2. Practice using self-empathy. We often beat ourselves up with shaming thoughts like, “I should never have done that! I’m always messing up! How could I be so stupid? When will I ever learn?” Instead, focus your attention on the unmet needs underlying our unskillful behavior. Connect with your emotions and give yourself permission to really feel them. For example, if you’re feeling disappointed and frustrated about the extent to which you yell at your kids, instead of condemning yourself, try to figure out what your unmet needs might be and look for solutions. Maybe you need more sleep. Maybe you need more support from your partner. Maybe you need tools to offload your anger in different ways. Maybe you need diversions or hobbies. Pat yourself on the back for being a loving-enough parent that you want to show up better for your family.
3. Try the mental exercise of flipping it around in your mind. If you are really convinced that you or someone else really really should be doing something, try to find at least one reason that it might be in the person’s best interest to do the opposite. While this exercise won’t always result in altered rules or expectations, it can help you be more understanding if the person chooses not to comply. Here are some examples:
- Why should my daughter NOT clean her room? Because then her toys are already out and ready to play with. Because she knows mother will pick up the dirty laundry for her, so why should she bother? Because she’d rather use her time and energy playing with friends than cleaning.
- Why should my husband NOT take me out on dates? Because he’s too tired and stressed from work to worry about planning a night out in advance. Because he knows I’ll plan it if he doesn’t. Because he really would rather veg out on the TV at home than go out.
- Why SHOULD my son hit his siblings or friends? Because his parents have modeled lashing out as an option when frustrated, or haven’t taught him other ways to handle these feelings. Because he needs others to understand just how frustrated and pained he feels in the moment. Because he can get his way quickly by ruling other kids through fear.

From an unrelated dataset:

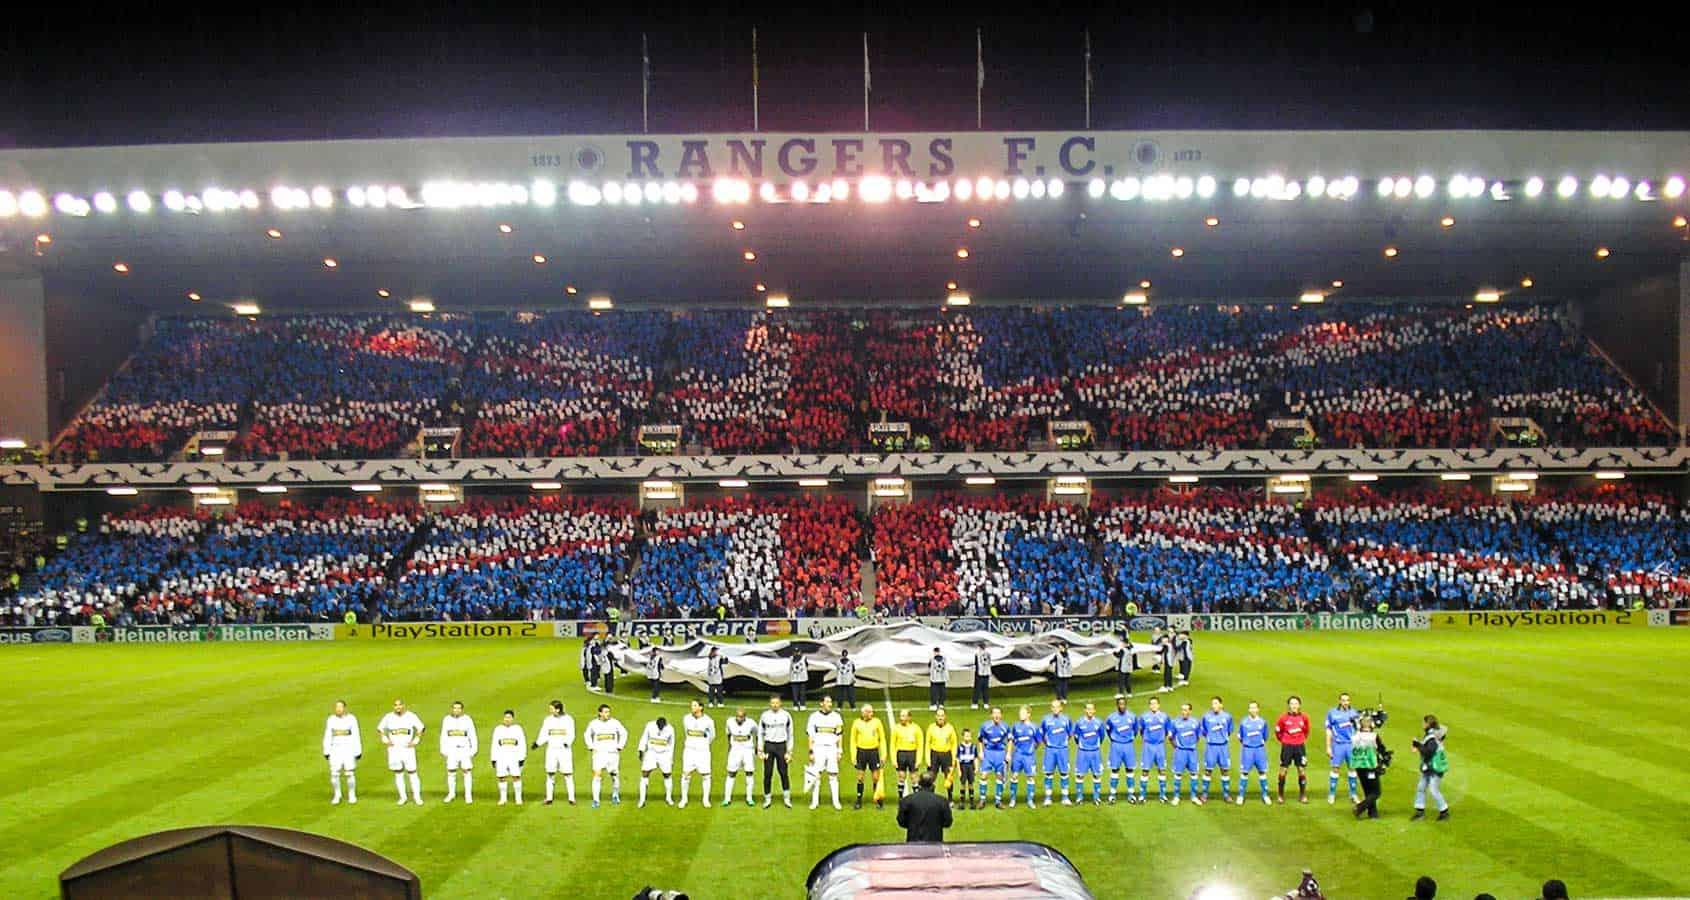 Fotbollsresor, Glasgow Rangers Biljetter, Scottish Premiership, Skottland, Ibrox Stadium

4. Use declarations affirming that you, or others, are completely acceptable the way they are right now. One I got from Carol Tuttle that I love and use often is: “I am enough; therefore, what I do is enough. What I do I choose to do, according to God’s guidance and what is correct for me and my family.” Repeating this daily can help you get rid of pesky thoughts of should and have to.
Readers, I’d love your feedback and reactions. Has should been hurting your relationships and happiness? What tips do you have to help those struggling with this?